The results was confirmed today 10:00 local time (17:00 GMT), and was the culmination of the three-year contest which pitted programs against each other based on their ability to teach, launch and defend against cyber-attacks. Winning will earn the team that wrote ‘Mayhem’ a $2 million prize.
The competition awarded points across 96 rounds. In each round, the programs authored streams of new code to both prove vulnerabilities existed in software and patch flaws.
The CGC rules in detail
- The CGC platform is based on the Linux operating system. However, it is modified slightly and named DECREE.
- The CGC contain only seven system calls (terminate, transmit, receive, fdwait, allocate, deallocate, and random)
- A vulnerability is defined as the ability to cause the OS to crash. A Proof of Vulnerability (POV) is an input which demonstrates this behaviour.
- All distributed Challenge Binaries (CBs) have one or more vulnerabilities.
- All CBs have several tests which are performed to ensure they behave as expected, so competitors cannot simply remove functionality to protect the program.
- What are the programs judged on?
- Functionality is measured by running the hidden tests on the binaries. Failing tests negatively affects a team’s score.
- Security is measured by running the POVs created by the challenge authors on the RB. If no POVs are blocked, the score is 0.

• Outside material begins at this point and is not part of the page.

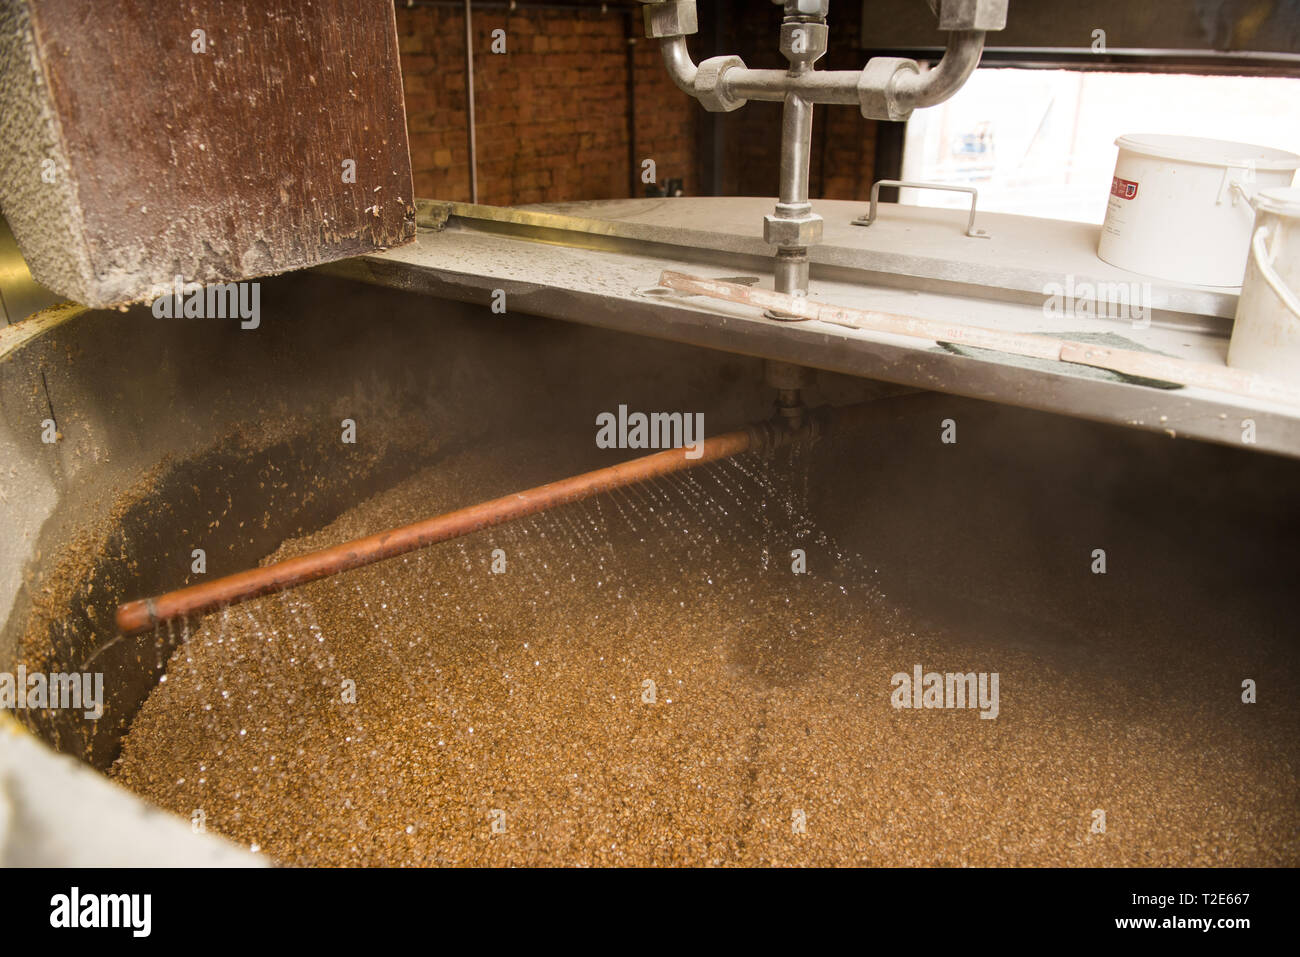 Brewing process, inside vat fermentation Stock Photo

- Performance is measured by taking the execution overhead, memory overhead, and size overhead of the RB. The greater the overhead, the worse the score.
- If any POVs are found by the competitor, their score on the binary is doubled. Therefore, if their original score was 0, a POV will not help.
Tweaked versions of vulnerabilities such as Heartbleed, the Morris Worm and Sendmail crackaddr were thrown at the computers, and certain machines detected and repaired them.
Mike Walker, program manager for the CGC, said the competition “prove[d] that this automation is possible”. While DARPA officials, the U.S. defence agency which sponsored the contest, said the machines gave a possible glimpse of the future of cybersecurity.
It isn’t clear how well these techniques would work in real-world environments. In the competition, the machines played off against each other in a “Capture the Flag game” that analysed flaws in a simplified operating system. A real operating system is much more complex because it encompasses a much larger ecosystem of existing apps.
A real operating system is much more complex because it encompasses a much larger ecosystem of existing apps.
Regardless, “Mayhem” designer, David Brumley, said that it proved that supercomputers are up to the challenge. Explaining that “Cybersecurity has relied on human effort, and we still need that, but we haven’t done enough to automate”.
His Pennsylvanian company ForAllSecure has already been using machine-based detecting techniques to find flaws in Linux. If “Mayhem” is confirmed as the competition winner later today, ForAllSecure will be able to use that secure more funding and start “making a difference right away”.
Once the contest winner is announced, the machine will perform a final test against a human player at a Capture the Flag game at DEF CON.